# Problem mitm Internet!



## D@rK M@sTeR (29. Mai 2004)

Hallo,
als ich mein pc neugestartet hab, kam die nachricht das ne .dll fehlt und ich jetz nich mehr ins i-net kann. 2 tage zuvor hab ich zum glück mit norton ghost 03 meine ganze platte auf dvd gebrannt ^^
also und jetz meine frage: wie ersetzte ich das jetzt?
erst die platte formatieren und dann die dvds einlegen und neu drüber ziehen? oder einfach mit norton ghost system wiederherstellen ohne zu formatieren?


----------



## Corvin Gröning (29. Mai 2004)

Hi,
ich kenne zwar Norton Ghost 2003 nicht, aber ähnliche Programme. Du solltest dein Programm mal öffnen und irgendwo solltest du dann Links wie "Festplatte/Daten wiederherstellen" oder Ähnliches finden.

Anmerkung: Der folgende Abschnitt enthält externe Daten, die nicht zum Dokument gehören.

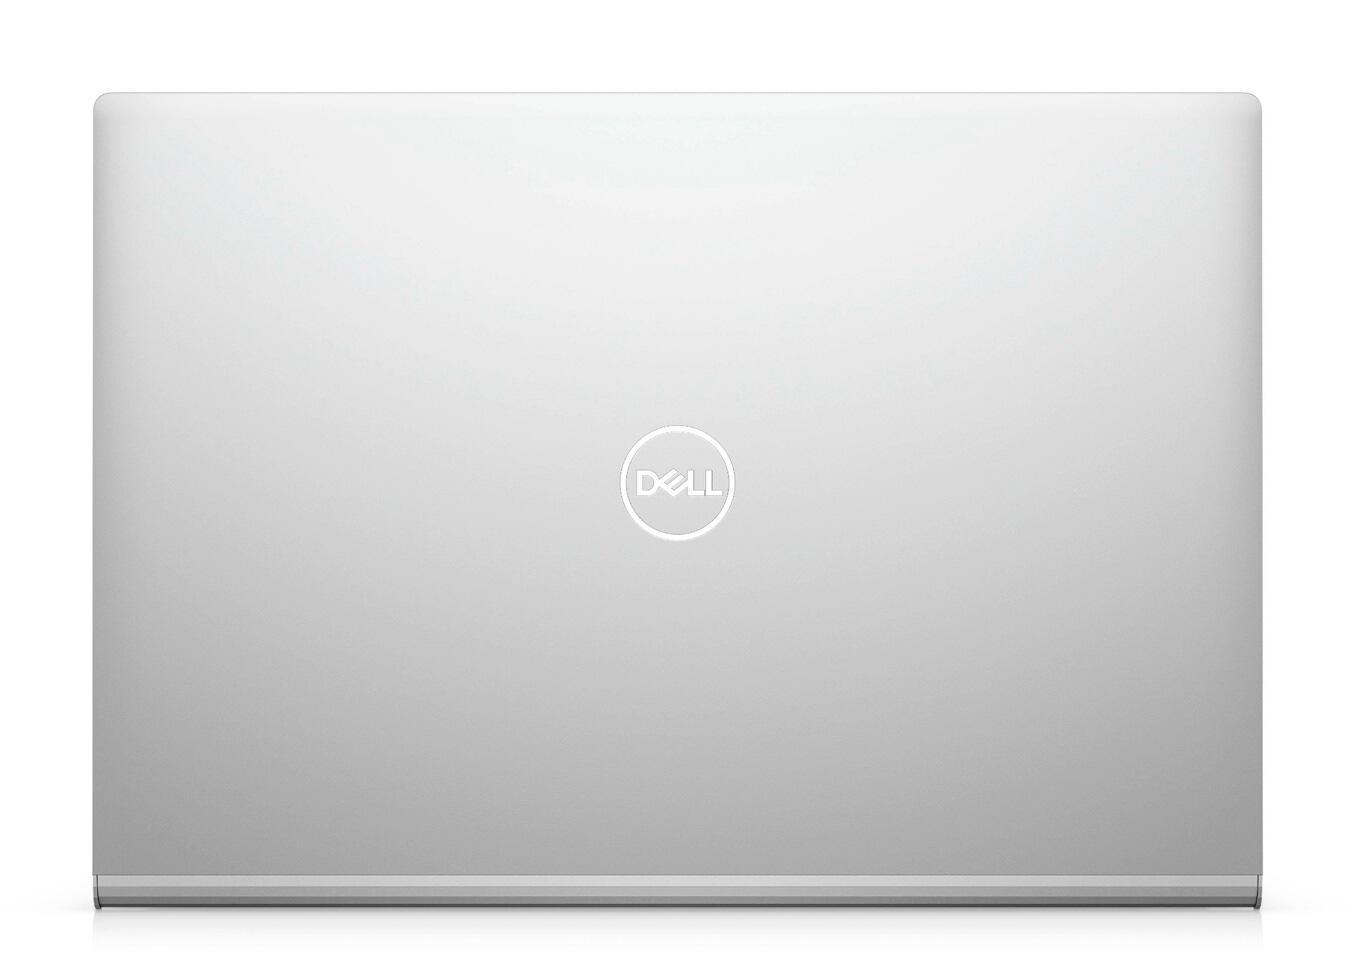 Ordinateur portable Dell Inspiron 14 7400 Argent - QHD+, MX350, Core i7  - photo 5

Das klickst du dann an, und dann wird dir genau beschrieben, was zu tun ist.
(Auf keinen Fall Festplatte formatieren, das ist nicht nötig!)

(Noch eine kleiner Tipp von mir, ist wirklich nicht böse gemeint, aber du solltest dich an die Netiquette halten (Groß- und Kleinschreibung und so).)


----------